Once inside the oak tree grabbed Chance’s weapon, whipping it to the side with a sweeping movement of his arm. The momentum tore the MP5 free from his grasp, sending it skittering away as Chance hit the back wall.
“Hands up!” Roland shouted, staring at the other man and woman inside through the red dot sight mounted on his weapon. “On your knees.”
The big man lumbered at Chance, completely ignoring Roland.
The other guards complied, raising their hands. They dropped to their knees, the woman holding her hands up at eye level while the man laced his fingers on top of his head.
“No one move,” Roland said, resisting the urge to peek behind him and see if Chance was okay fighting the giant.
He pulled a set of flex cuffs from his belt, tossing them to the woman. “Secure his hands behind his back.” Roland nodded his head toward the other guard.
The beast man covered the distance in only two steps, reaching down to grab Chance. He rolled away, avoiding the massive mitt. Coming u
p into a crouch, Chance pushed himself up, leaping into the air, driving a spinning side kick into his foe’s chest. The guard took a step back, his hand coming up to the boot print on his uniform.
“Game on, Bigfoot,” Chance said.
The big man came in swinging, his looping blows finding only empty air. Chance used his speed advantage to pick and choose his targets, chopping down the tree.
A roundhouse landed flush on his opponent’s inner thigh. Chance used the bounce from the impact to snap a side kick to the opposite knee, buckling the support and dropping the giant to all fours.
Chance wrapped his hands around the back of his foe’s neck and fired a knee straight up the pipe, slamming the man’s sternum. He followed with a second knee that hammered the guard’s jaw shut with a thunderous crack, knocking him out.
“Is everyone else secure?” Chance asked.
“Yeah. I got them cuffed,” Roland said. “No one is going to—”
A klaxon blared as emergency lights along the ceiling flashed. Chance scooped up his submachine gun as Roland spun around. The woman had worked her way to her feet and made it to the control panel to trigger the alarm.

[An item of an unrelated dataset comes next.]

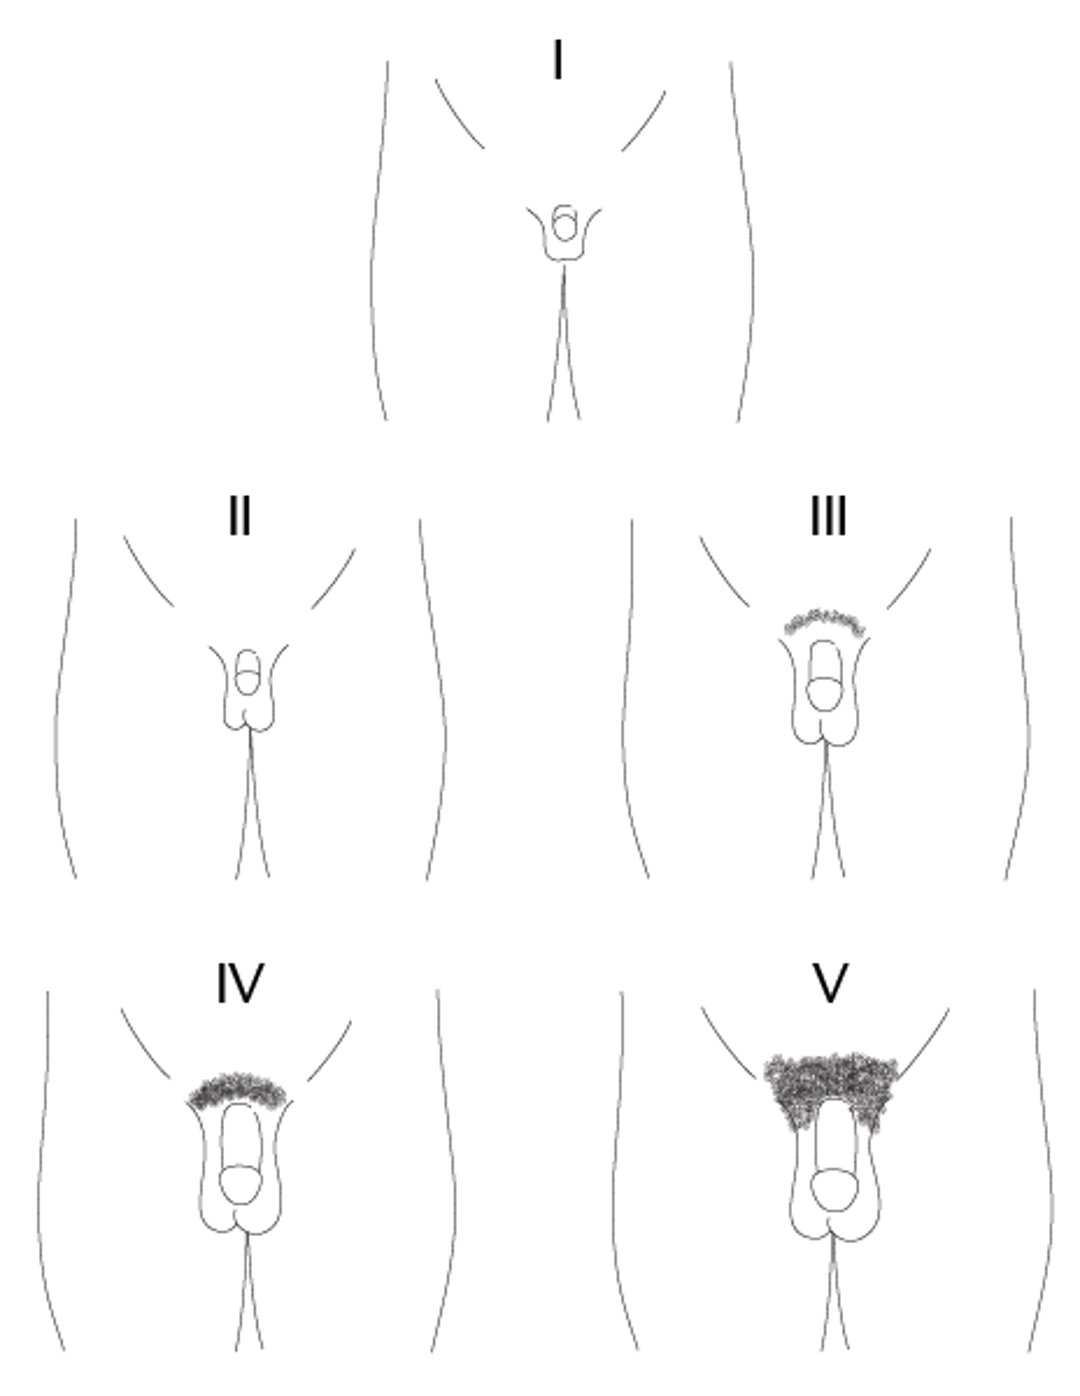 Rappresentazione schematica degli stadi di Tanner, da I a V, della maturazione del pene nei ragazzi

“Uh, they might know we’re here,” Roland said.
* * *
John crouched behind a gunmetal gray jeep with a CARR Group decal stuck to the doors. He positioned himself by the rear bumper and leaned out for a look to assess the base’s level of activity. A spotlight swept his way, and he ducked back as it passed. Using the opening, John moved in a low run behind a collection of lumber and drywall piled up for the next day’s construction shift.
The red dot slid across the group of guards near the main entrance of the base. He had ruled out the opening before the plan even started, instead opting for the far end of the primary structure. The intel showed a large open area for parking, with wide steel doors that could slide in from either side to secure it. But right now, only one door had been installed.